| DATA SECTION |
==============================

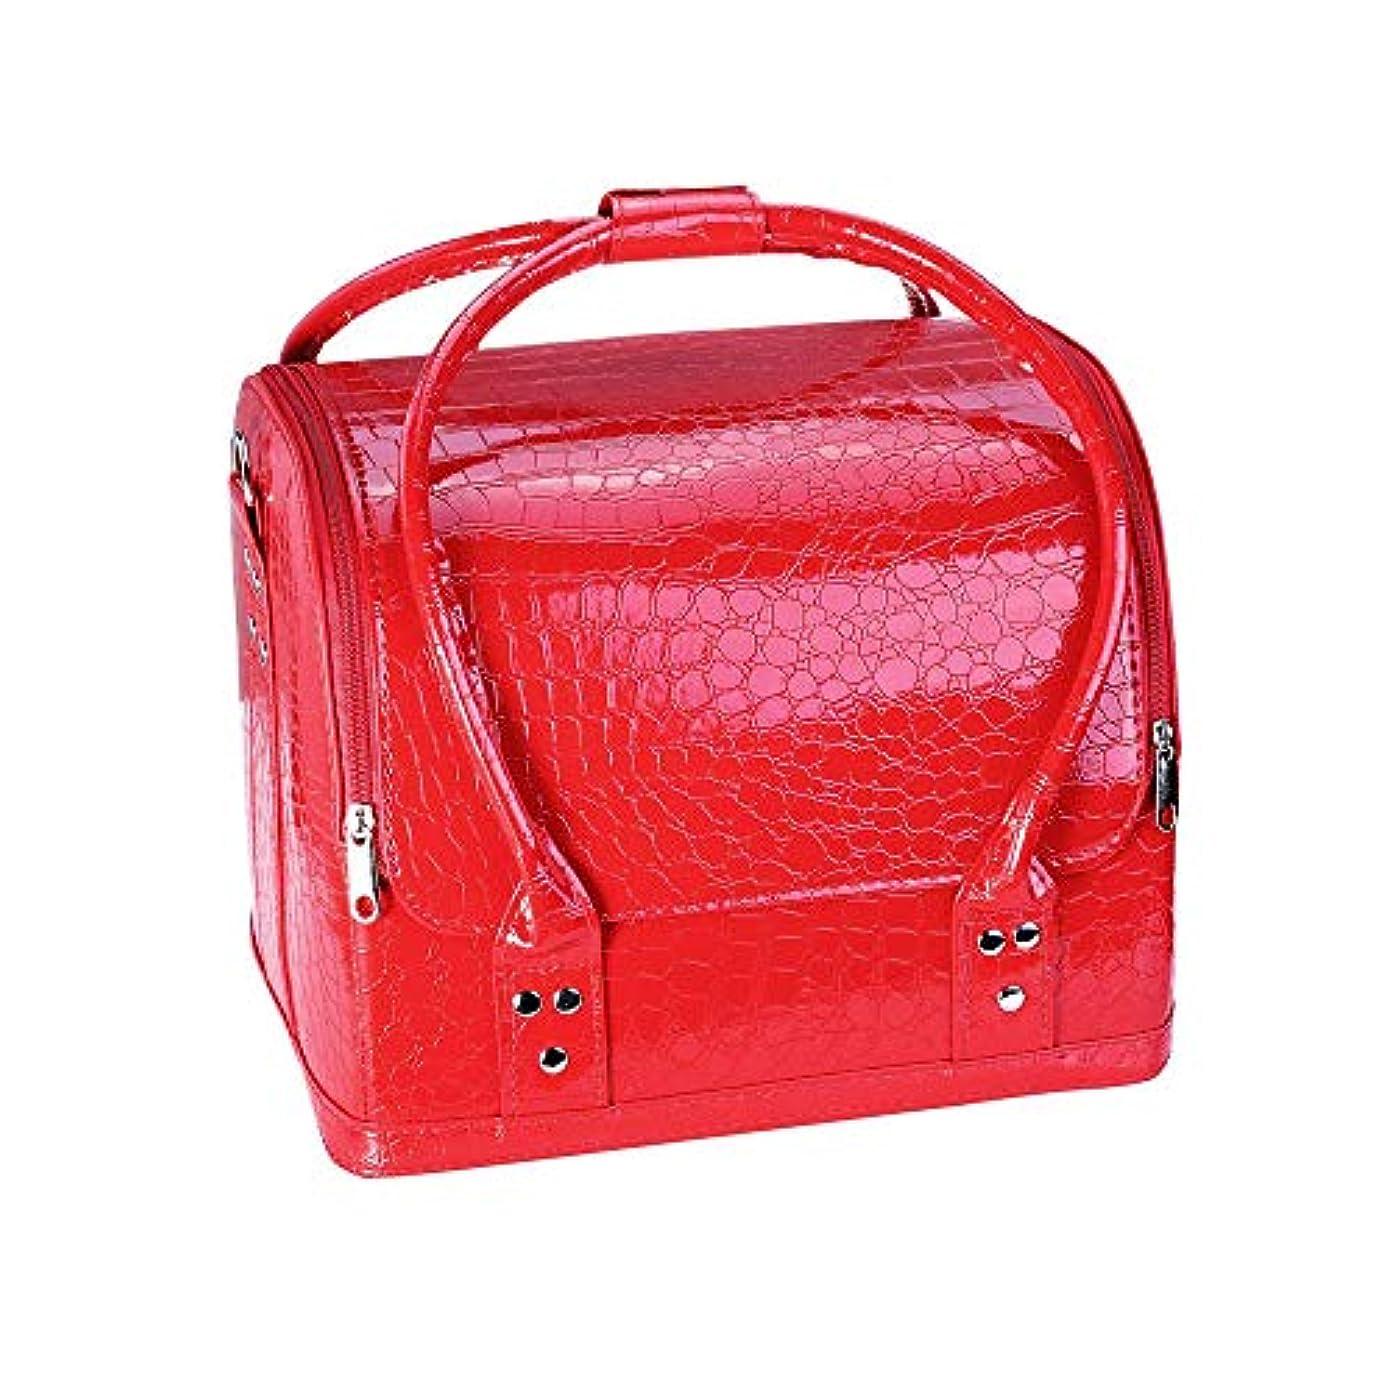 花婿薬局地区化粧オーガナイザーバッグ プロフェッショナルビューティーメイクアップケースネイル化粧箱ビニールケースオーガナイザークロコダイルパターン 化粧品ケース (色 : 赤)
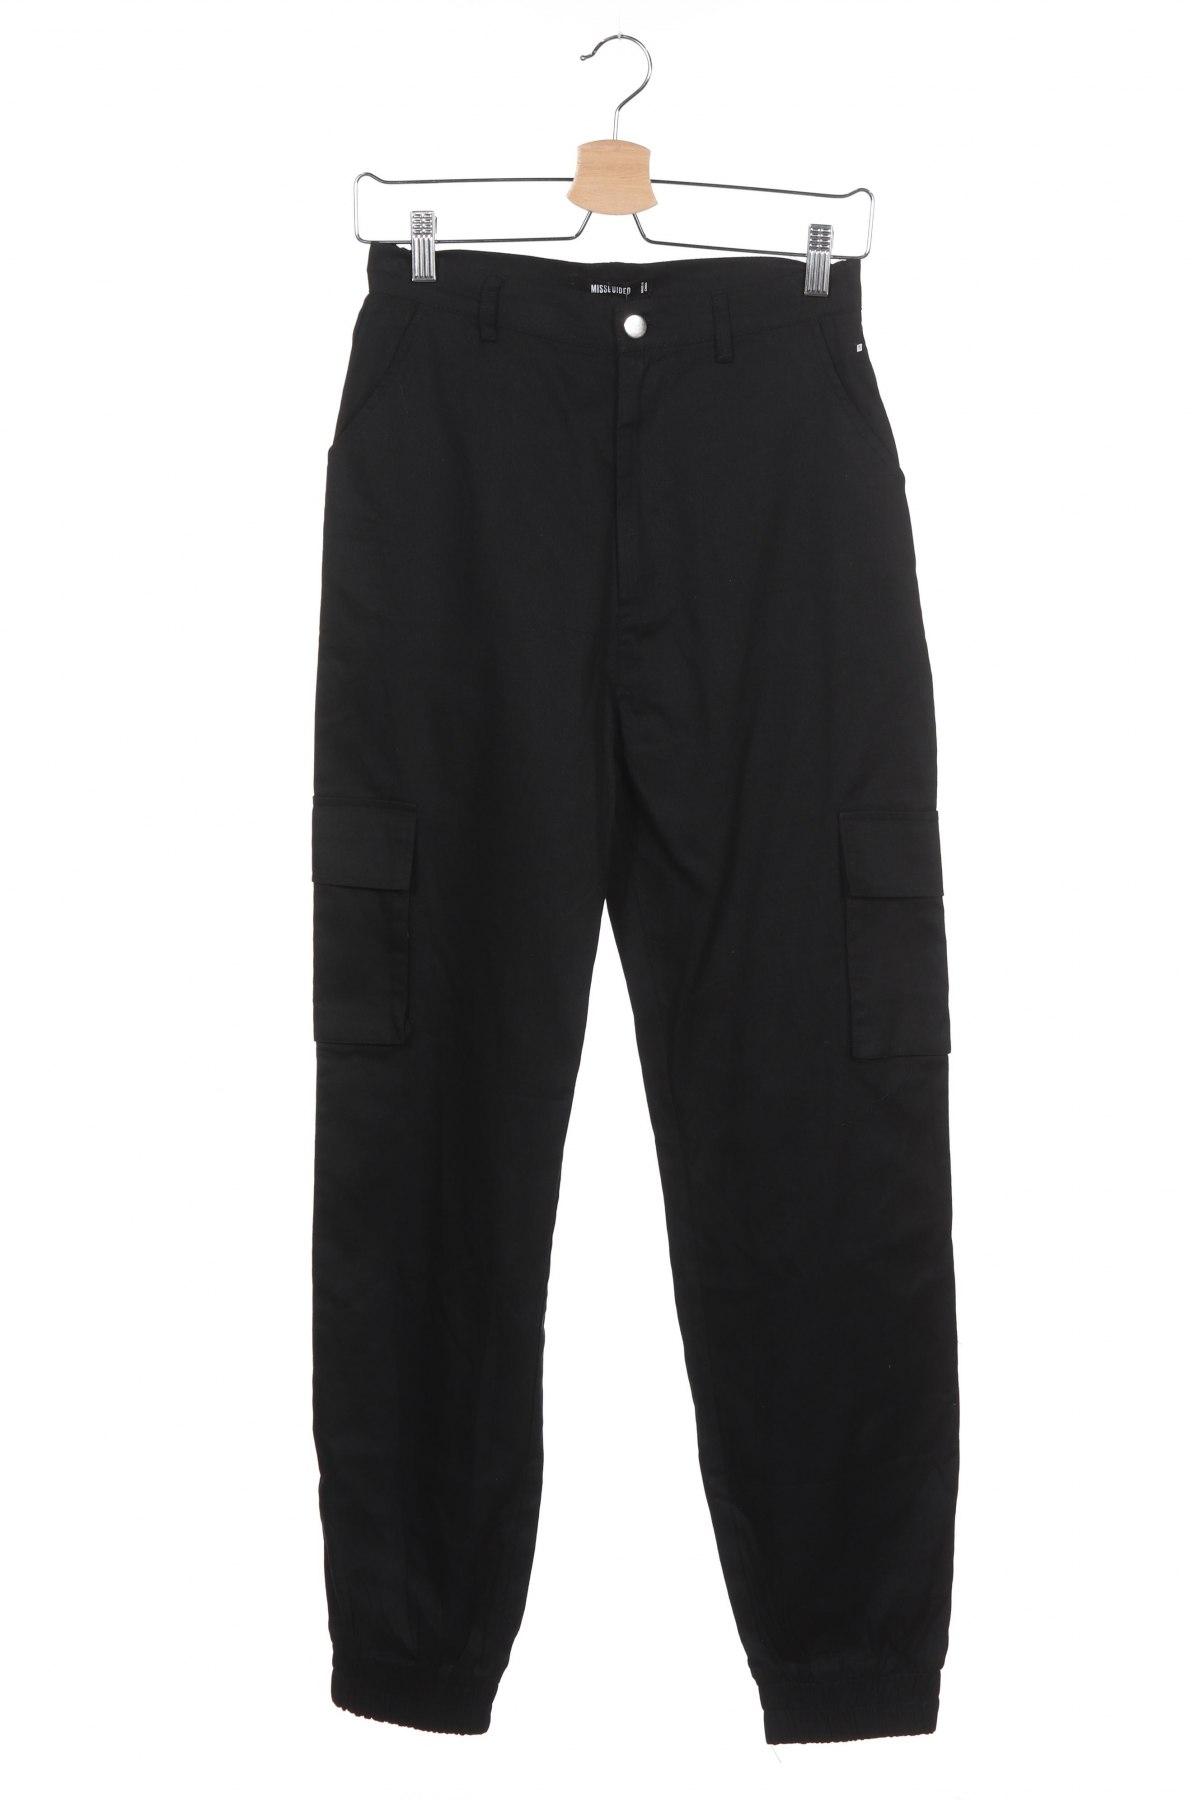 Дамски панталон Missguided, Размер XS, Цвят Черен, Памук, Цена 44,25лв.
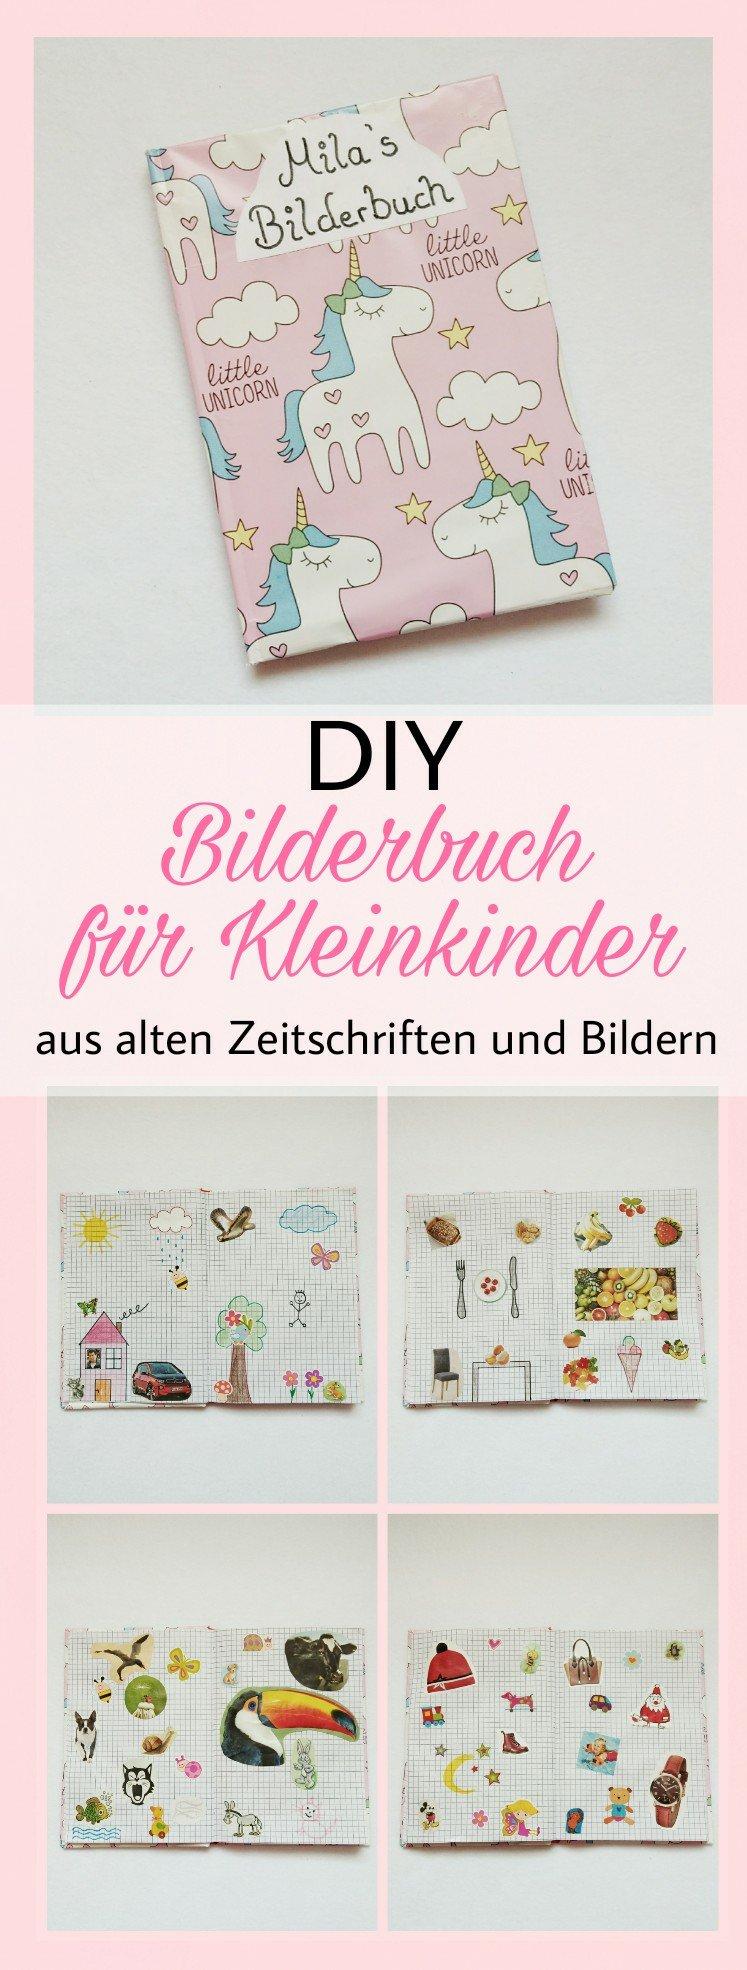 Eine tolle kreative DIY Idee. Ein Bilderbuch oder Lernbuch für Kleinkinder und Babys selber basteln. Eine tolle Beschäftigungsmöglichkeit zum Wörter lernen und Geschichten erzählen. Ein einzigartiges Buch für eure Kinder.
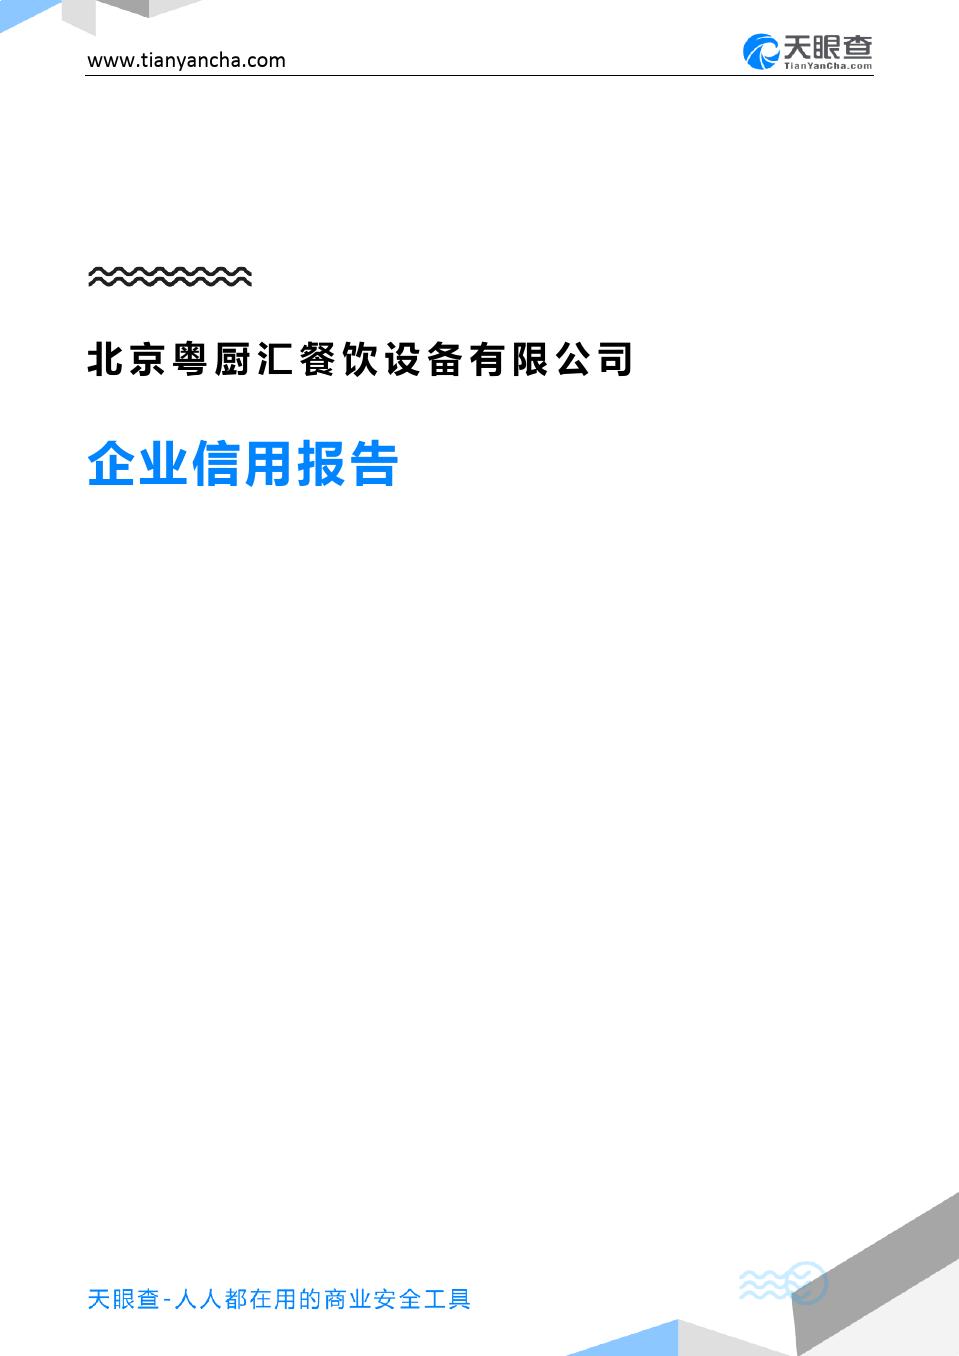 北京粤厨汇餐饮设备有限公司(企业信用报告)- 天眼查

==============================

| WORK TO COMPLETE |
For this exercise, write the listing out again exactly, excluding all images.

| RESULT OF THE TASK |
 花婿薬局地区化粧オーガナイザーバッグ プロフェッショナルビューティーメイクアップケースネイル化粧箱ビニールケースオーガナイザークロコダイルパターン 化粧品ケース (色 : 赤)
 Дамски панталон Missguided, Размер XS, Цвят Черен, Памук, Цена 44,25лв.
 Eine tolle kreative DIY Idee. Ein Bilderbuch oder Lernbuch für Kleinkinder und Babys selber basteln. Eine tolle Beschäftigungsmöglichkeit zum Wörter lernen und Geschichten erzählen. Ein einzigartiges Buch für eure Kinder.
 北京粤厨汇餐饮设备有限公司(企业信用报告)- 天眼查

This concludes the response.